SZA singles chronology
| "Hit Different" (2020) | "Good Days" (2020) | "Kiss Me More" (2021) |

Music video
- "Good Days" on YouTube

= Good Days =

"Good Days" is a song by American singer-songwriter SZA. It was released through Top Dawg Entertainment and RCA on December 25, 2020, as the lead single from her second studio album, SOS (2022). SZA wrote the song alongside Jacob Collier, who provides background vocals, and with producers Carter Lang, Los Hendrix, and Nascent.

"Good Days" peaked at number 7 on the Billboard Global 200; it was SZA's first song to chart in the top 10 of the Global 200. The song was also a top-10 hit in Australia, Ireland, Lithuania, Malaysia, New Zealand, Singapore, and the United States. "Good Days" was met with critical acclaim and was nominated for Best R&B Song at the 64th Annual Grammy Awards.
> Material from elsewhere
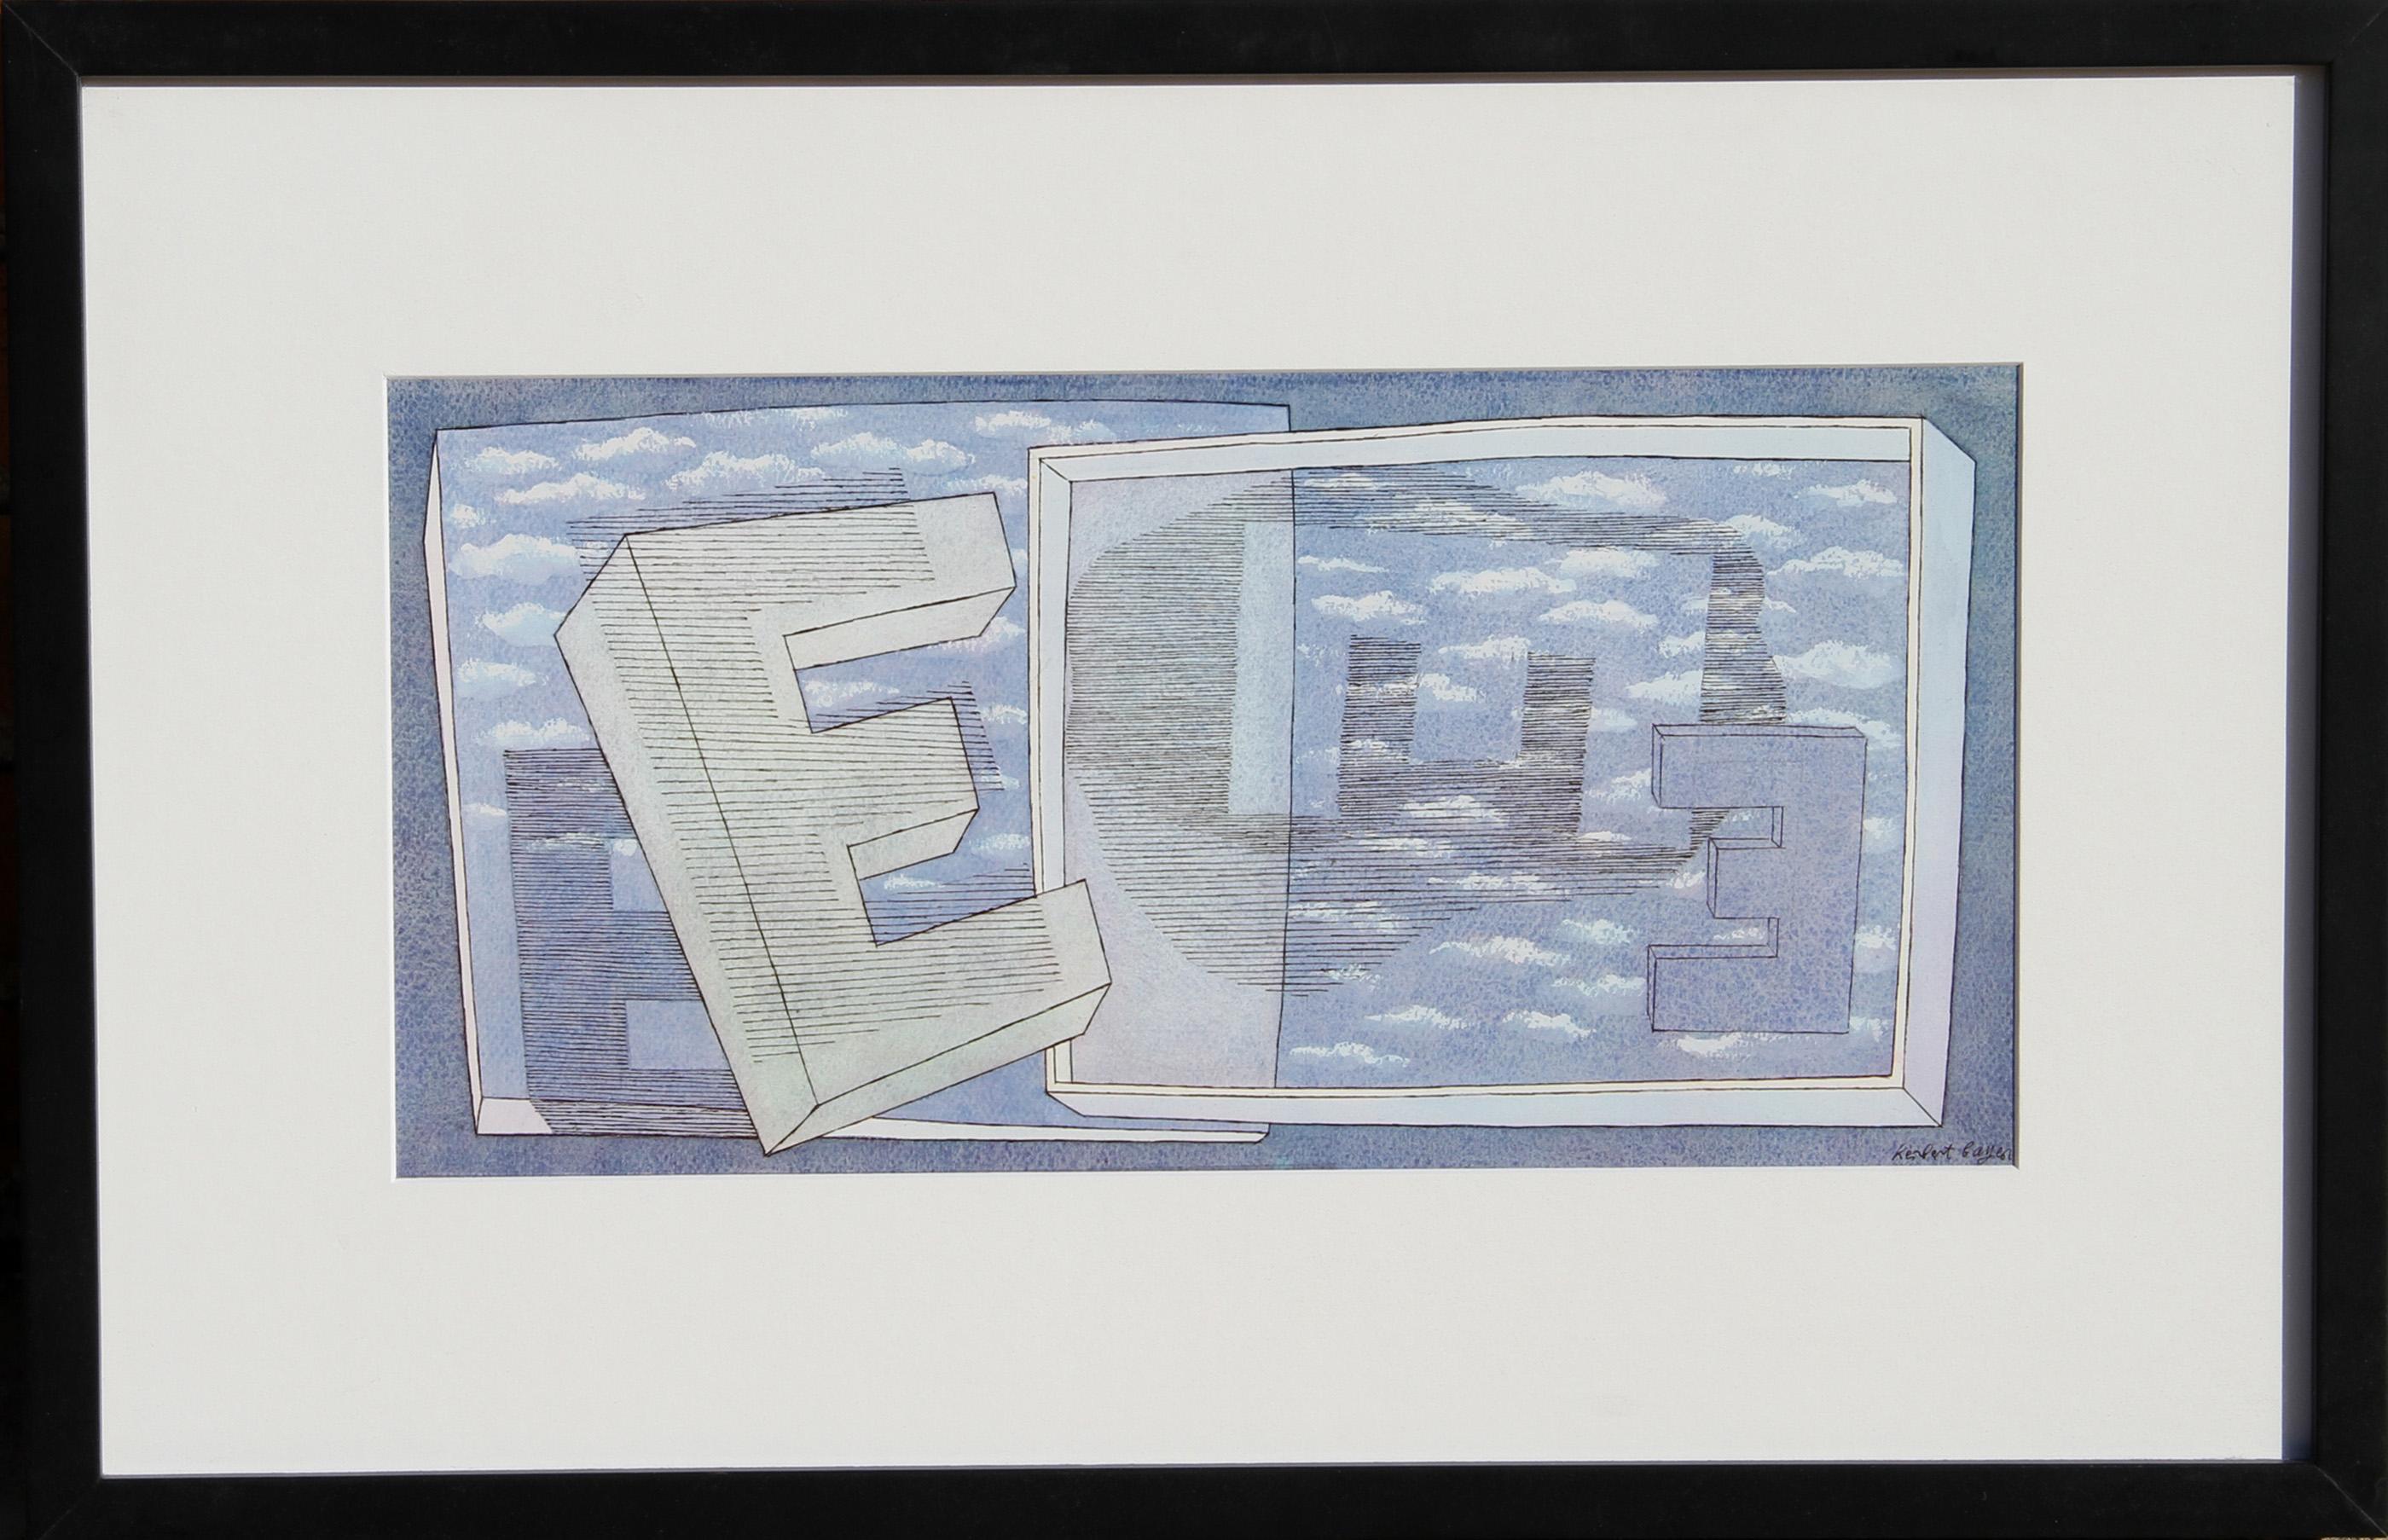 Herbert Bayer, Tender Picture E, Offset Lithograph

==Background and release==
SZA first teased the song on July 15, 2020, via her Instagram stories. "Good Days" was originally featured at the tail end of the music video for "Hit Different", released in September 2020, leading to speculation among listeners that it would serve as a B-side to that single. On October 21, 2020, SZA explained that the song was "in clearance" for release. A week before release, she confirmed the track to come out before 2021. The song was eventually released as a surprise drop on Christmas Day 2020.

==Music and lyrics==
From 2017 to the first half of 2019, recording for SZA's second album, SOS (2022) happened sporadically. She had been going on tour during those years, only finding the time to record when she felt like it. In the two-year touring period, she recorded the lead single "Good Days" in 2018 with Lang at her Malibu house, following a guitar and drums demo from Los Hendrix and Nascent one year prior. SZA started writing the song during a session on Lang's birthday that year and "finished it randomly" in 2020.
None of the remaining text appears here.